Both the line with "5.-31.12.2015 / jatko - 19.5.2015" and the line with "Mujeres manifestándose por" in the records below must appear in the output, along with every line between them, exactly and with nothing added.

*** Opening EXERCISE INPUTS ***

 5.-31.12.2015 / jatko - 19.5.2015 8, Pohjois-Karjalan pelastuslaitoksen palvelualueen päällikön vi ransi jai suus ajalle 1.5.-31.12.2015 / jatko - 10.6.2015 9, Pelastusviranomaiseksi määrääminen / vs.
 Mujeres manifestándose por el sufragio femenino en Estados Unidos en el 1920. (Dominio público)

*** Closing EXERCISE INPUTS ***
*** Opening EXERCISE INPUTS ***

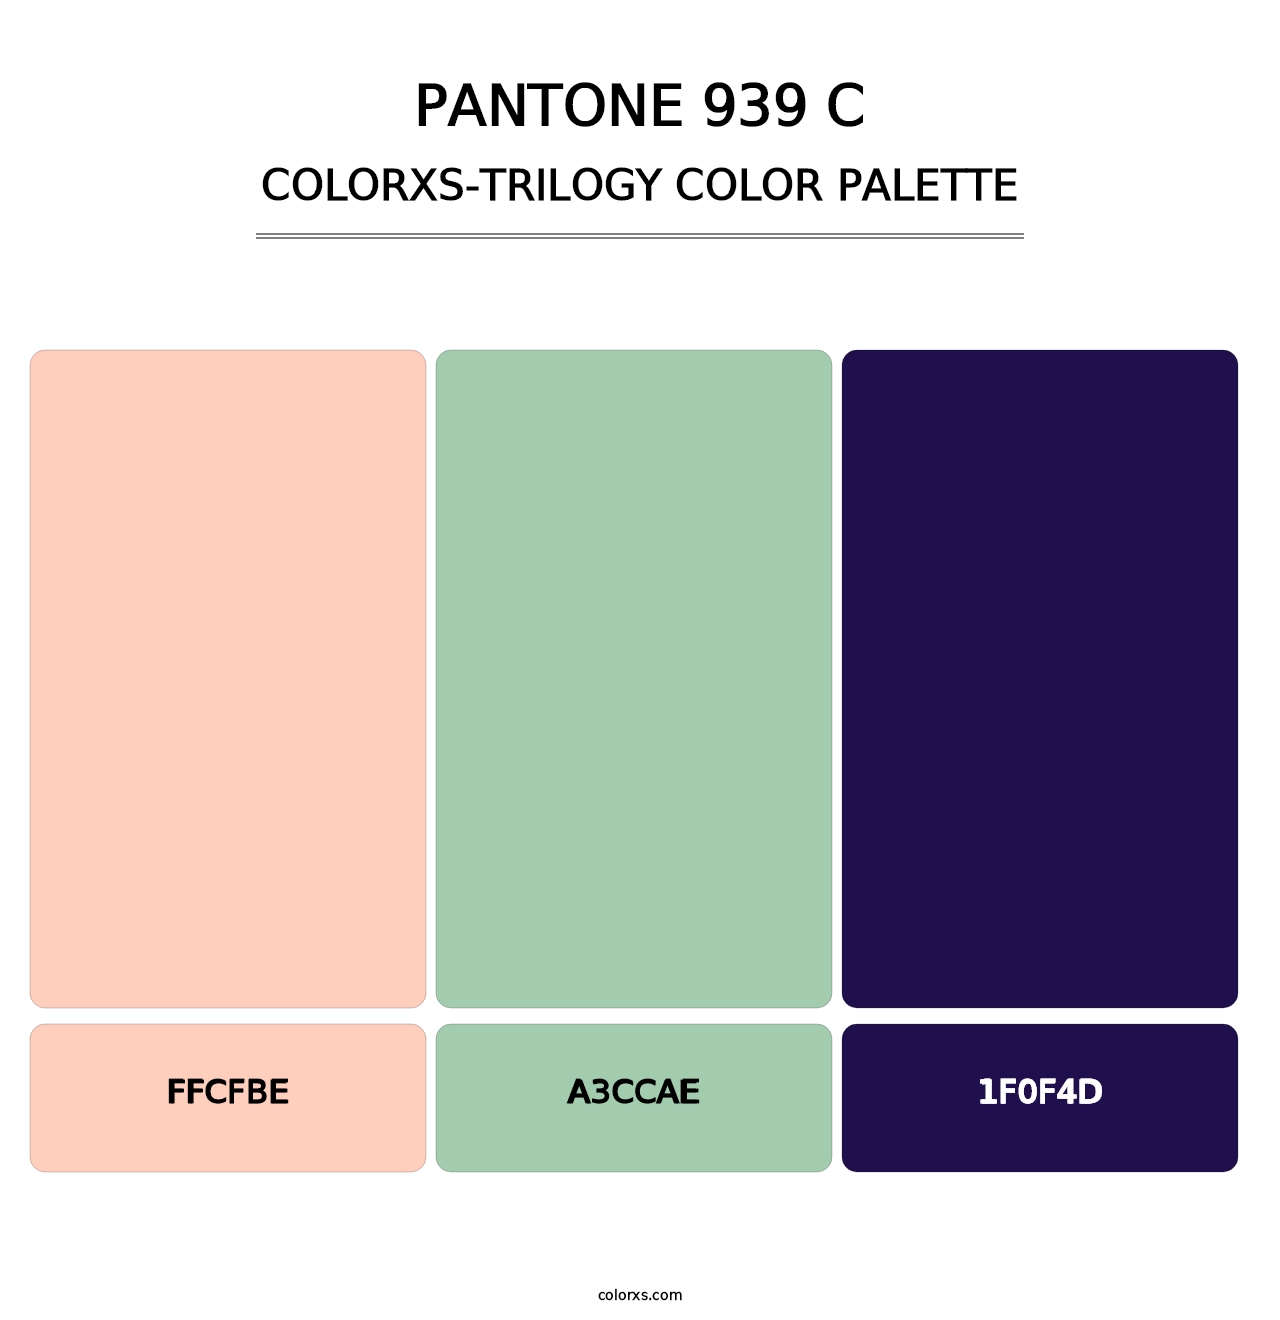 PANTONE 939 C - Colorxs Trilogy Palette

*** Closing EXERCISE INPUTS ***
*** Opening EXERCISE INPUTS ***

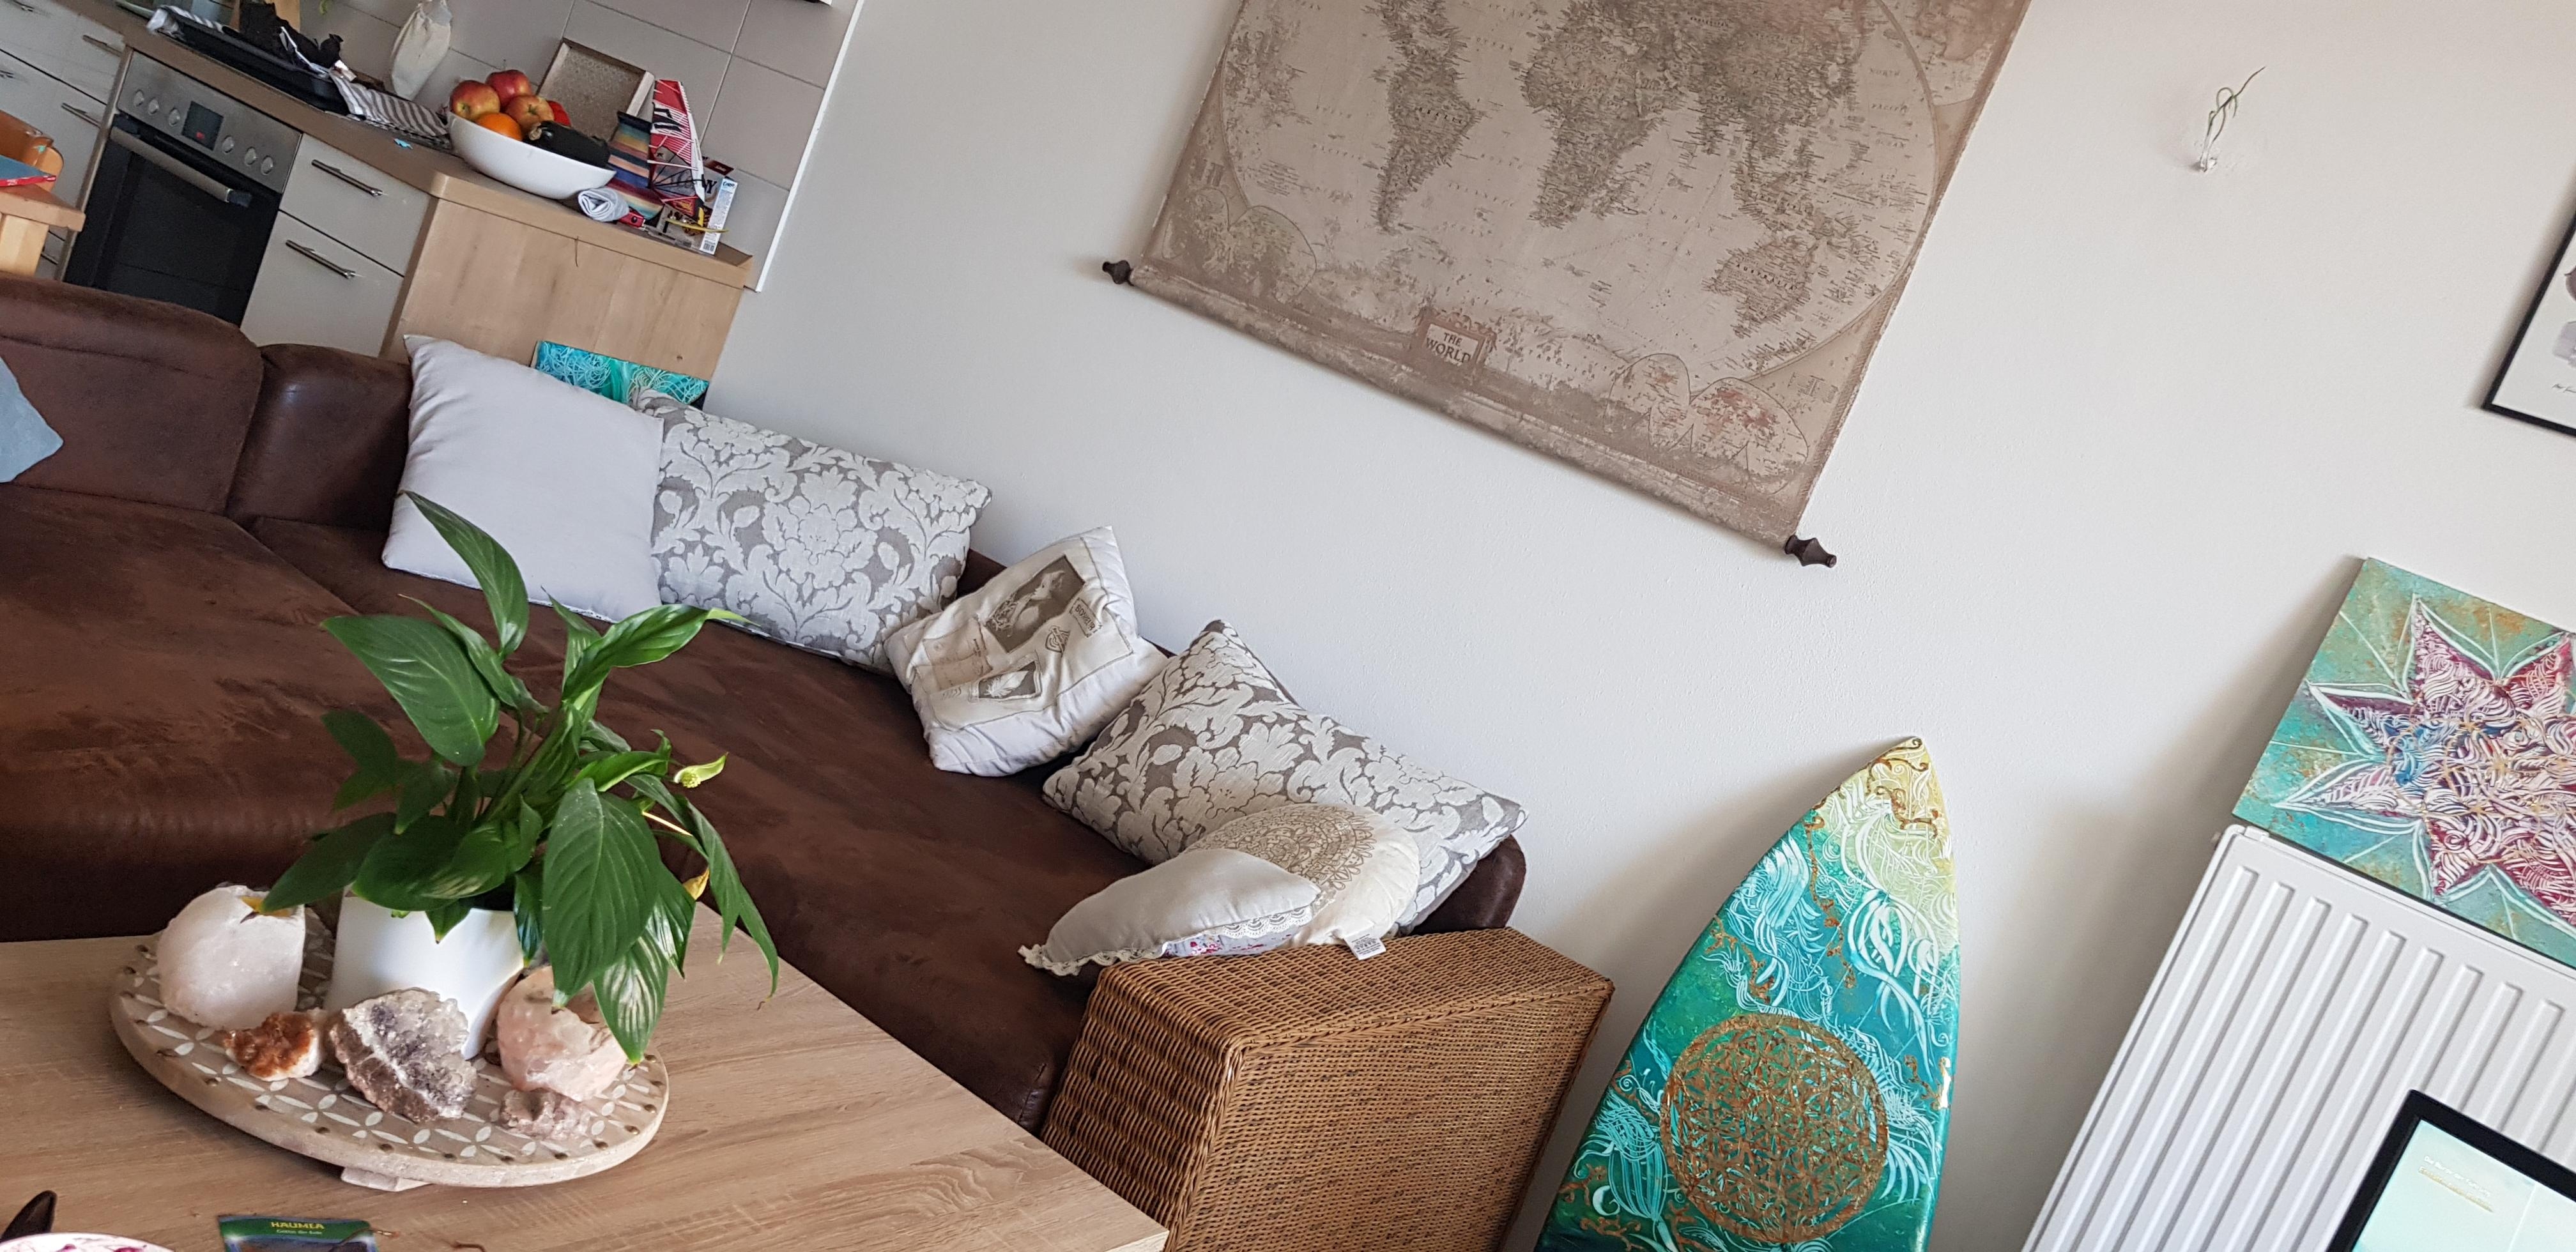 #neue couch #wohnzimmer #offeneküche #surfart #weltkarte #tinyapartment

*** Closing EXERCISE INPUTS ***

RESPONSE TO THE TASK:
 5.-31.12.2015 / jatko - 19.5.2015 8, Pohjois-Karjalan pelastuslaitoksen palvelualueen päällikön vi ransi jai suus ajalle 1.5.-31.12.2015 / jatko - 10.6.2015 9, Pelastusviranomaiseksi määrääminen / vs.
 Mujeres manifestándose por el sufragio femenino en Estados Unidos en el 1920. (Dominio público)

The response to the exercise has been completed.